Exercise requirements: Transcribe all of the data exactly. Omit the pictures.

The data:
☆ ☆ ☆ ☆ ☆

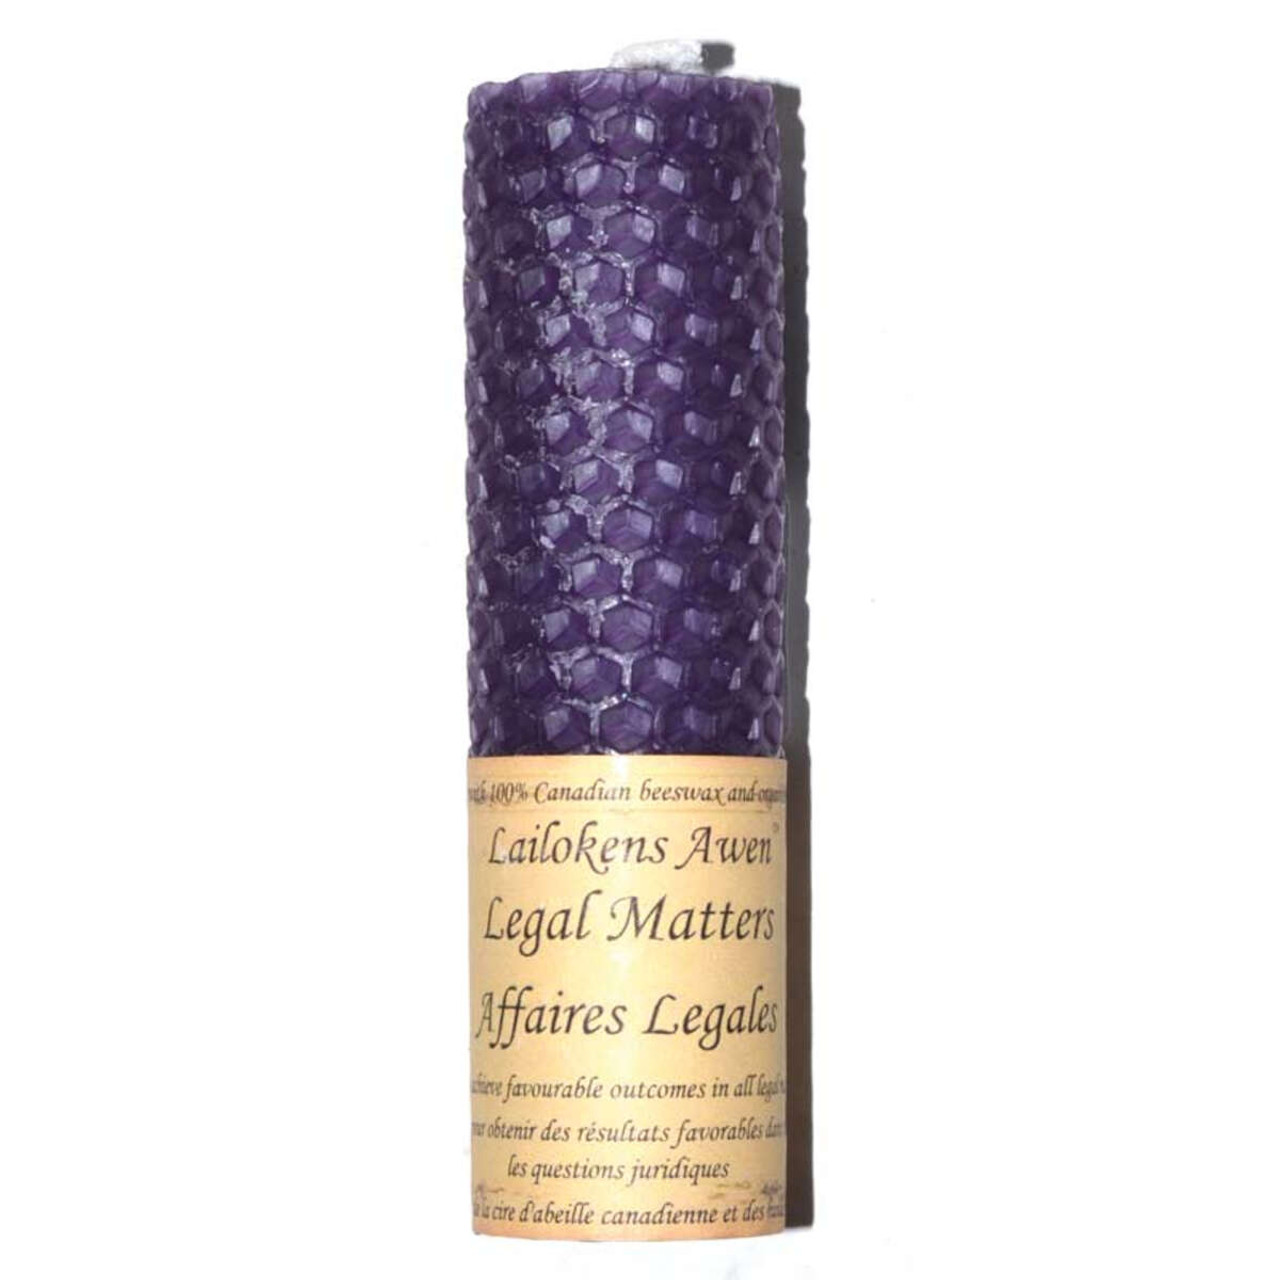 Legal Matters Lailokens Awen Candle 4 1/4"
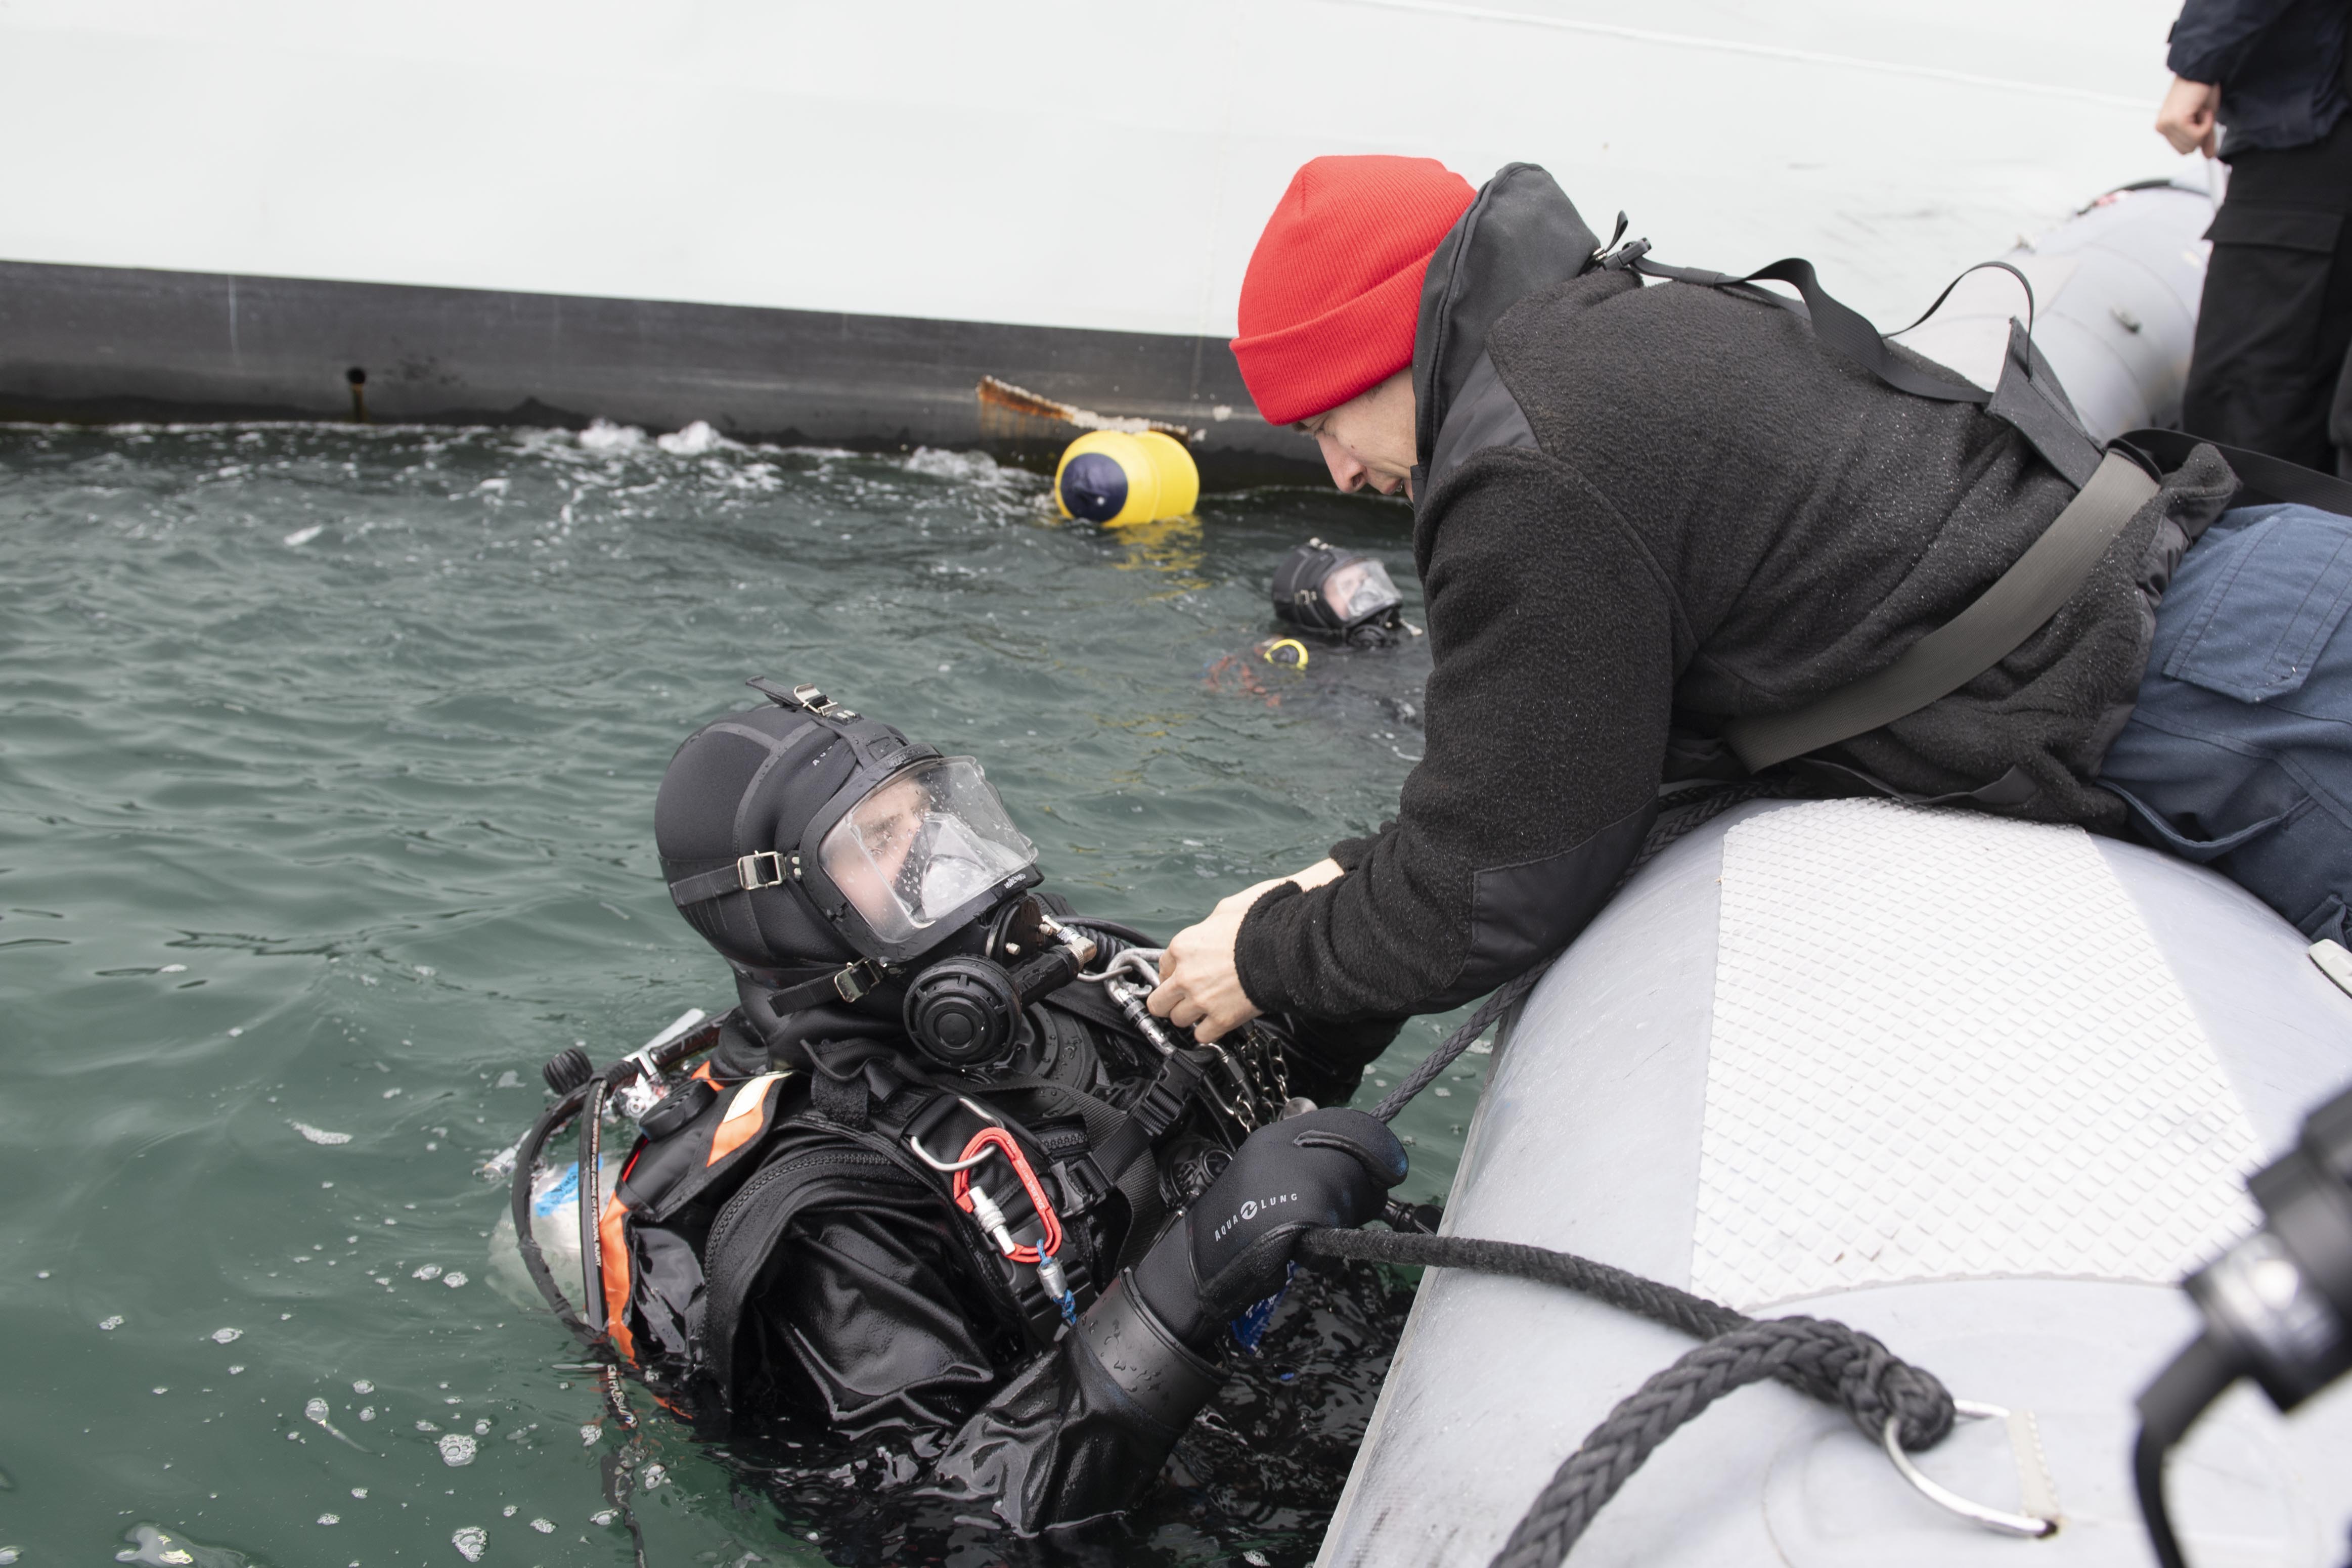 Leading Seaman (LS) Cory Taylor (right) helps LS John Kester to remove his gear at the conclusion of a diving operation at the Port of Reykjavik, Iceland
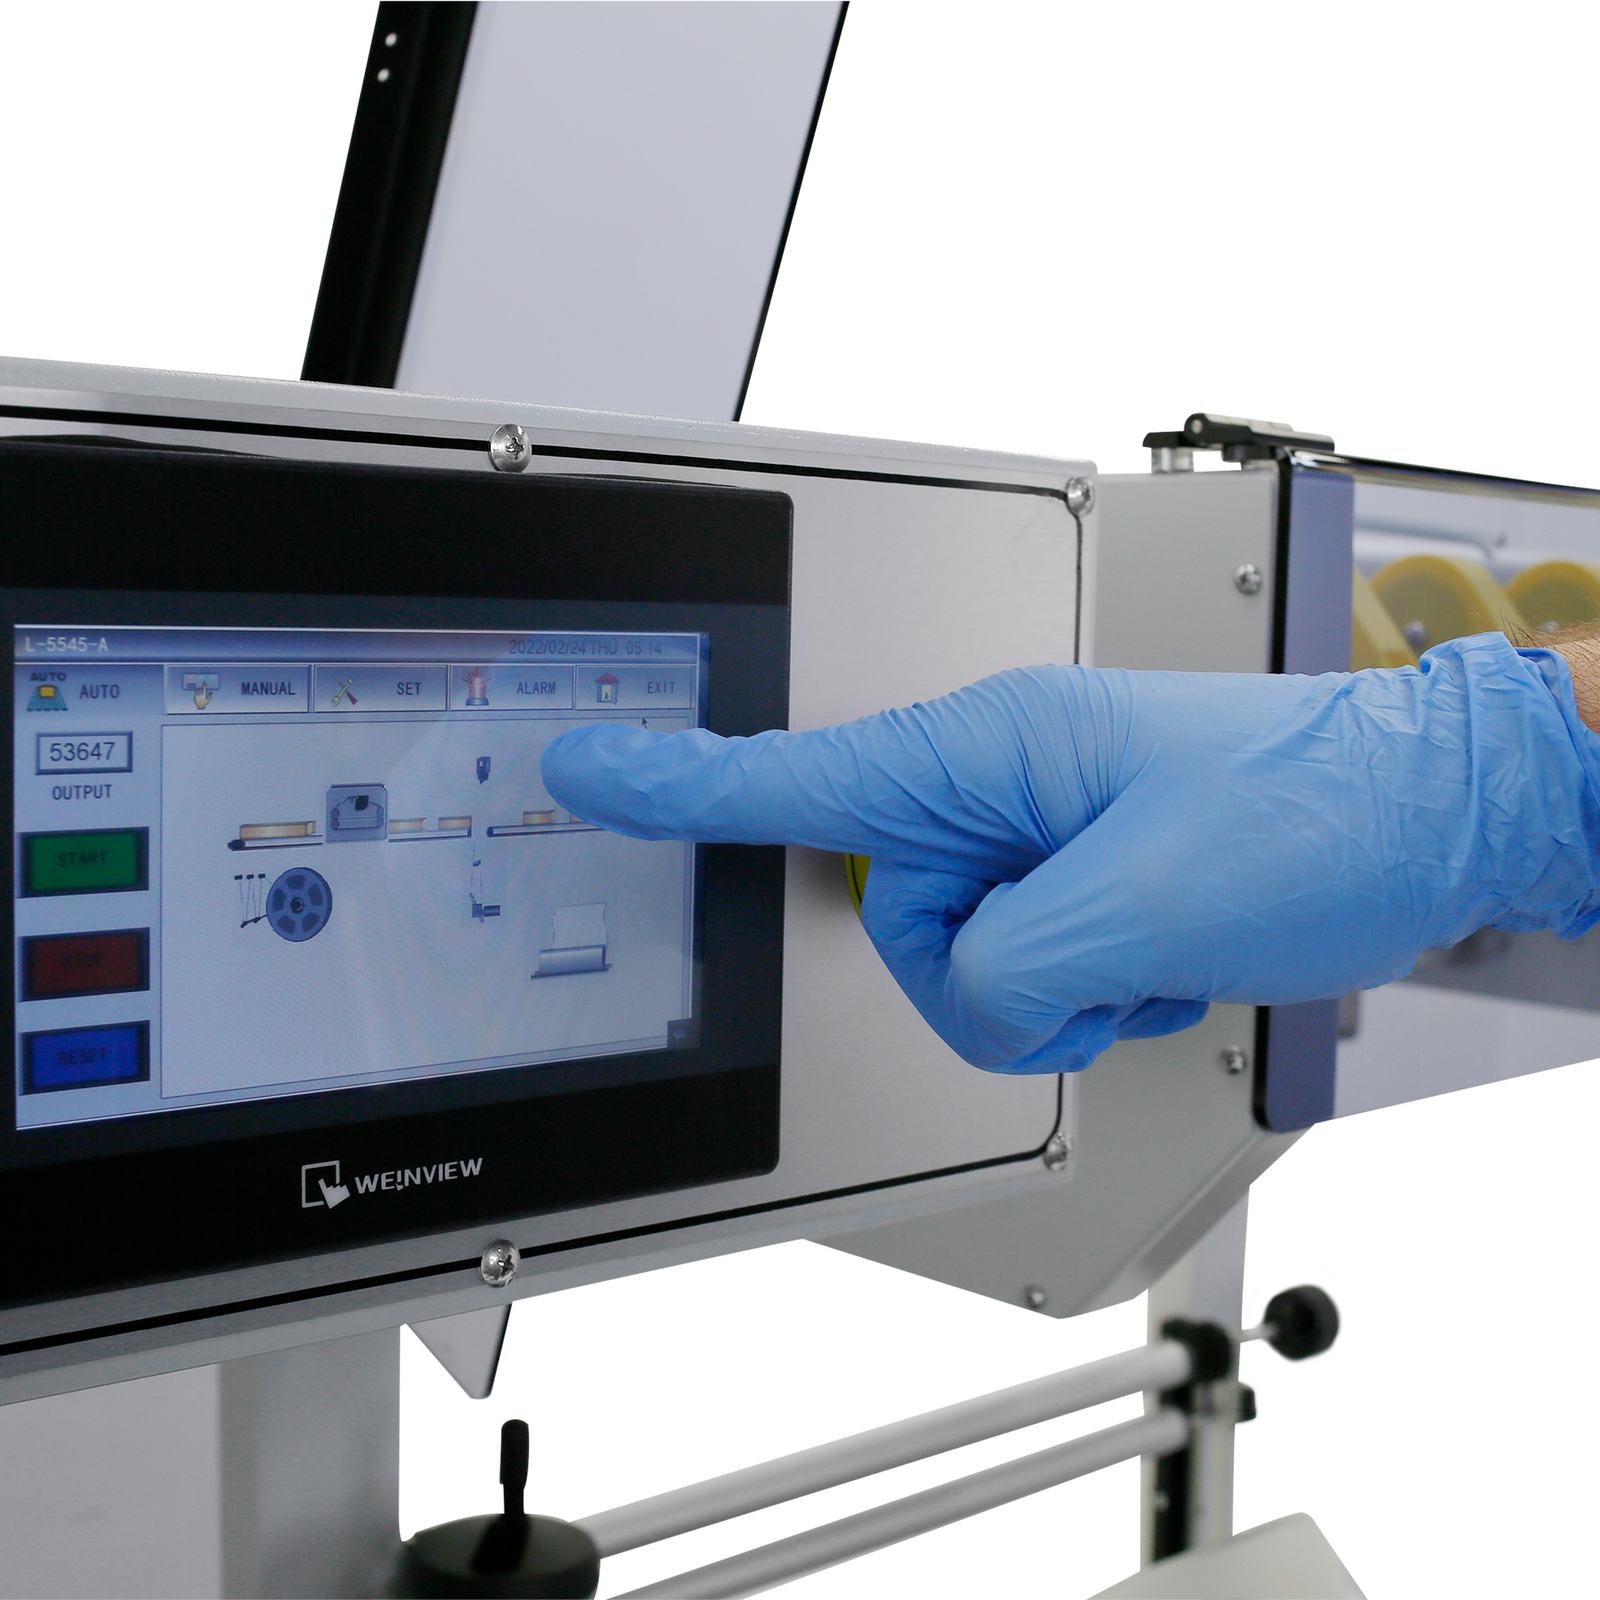 Hand of a person touching the touchscreen panel of the JORES TECHNOLOGIES® Automatic L Bar Film Sealer to set it before stating production.

☆ ☆ ☆ ☆ ☆

Response to this exercise:
 Legal Matters Lailokens Awen Candle 4 1/4"
 Leading Seaman (LS) Cory Taylor (right) helps LS John Kester to remove his gear at the conclusion of a diving operation at the Port of Reykjavik, Iceland
 Hand of a person touching the touchscreen panel of the JORES TECHNOLOGIES® Automatic L Bar Film Sealer to set it before stating production.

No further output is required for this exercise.